I need to speed up some algorithms working on NumPy arrays. They will use std::vector
and some of the more advanced STL data structures.
I've narrowed my choices down to Cython (which now wraps most STL containers) and Boost.Python (which now has built-in support for NumPy).
I know from my experience as a programmer that sometimes it takes months of working with a framework to uncover its hidden issues (because they are rarely used as talking points by its disciples), so your help could potentially save me a lot of time.
What are the relative advantages and disadvantages of extending NumPy in Cython vs Boost.Python?
This is a very incomplete answer that only really covers a couple of small parts of it (I'll edit it if I think of anything more):
Boost doesn't look to implement operator[]
specifically for numpy arrays. This means that operator[]
will come from the base object
class (that ndarray
inherits), which will mean the call will go through the Python mechanisms to __getitem__
and so indexing will be slow (close to Python speed).

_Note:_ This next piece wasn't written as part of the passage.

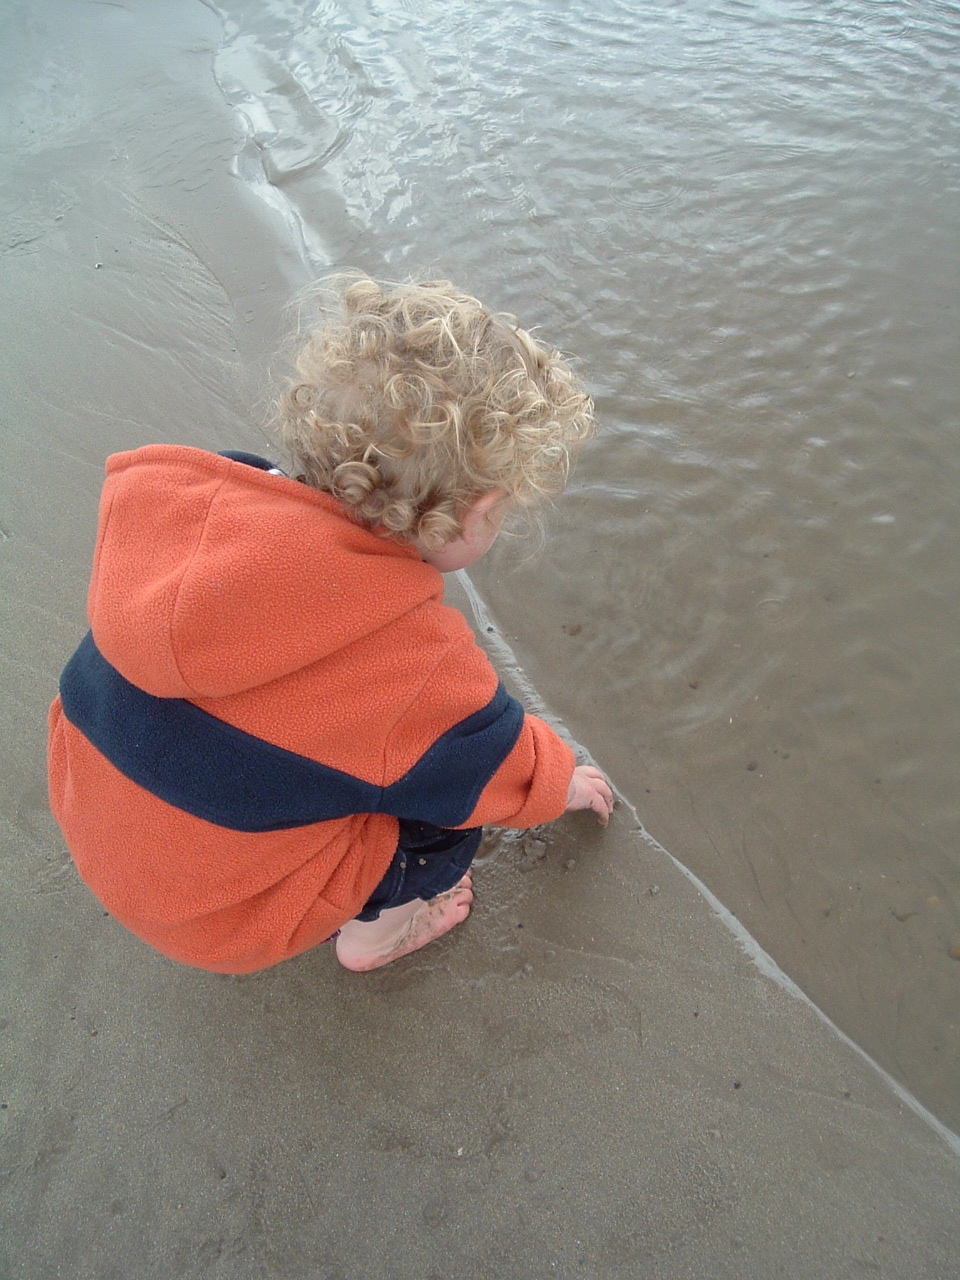 [youghal+paddy+at+water.jpg]

If you want to do indexing at speed you'll have to do pointer arithmetic yourself:
// rough gist - untested:
// i,j,k are your indices
double* data = reinterpret_cast<double*>(array.get_data());
// in reality you'd check the dtype - the data may not be a double...
double data_element = array.strides(0)*i + array.strides(1)*j +array.strides(2)*k;
In contrast Cython has efficient indexing of numpy arrays built in automatically.
Cython isn't great at things like std::vector
(although it isn't absolutely terrible - you can usually trick it into doing what you want). One notable limitation is that all cdef
s have to go at the start of the function so C++ classes with be default constructed there, and then assigned to/manipulated later (which can be somewhat inefficient). For anything beyond simple uses you do not want to be manipulating C++ types in Cython (instead it's better to write the code in C++ then call it from Cython).
A second limitation is that it struggles with non-class templates. One common example is std::array
, which is templated with a number. Depending on your planned code this may or may not be an issue.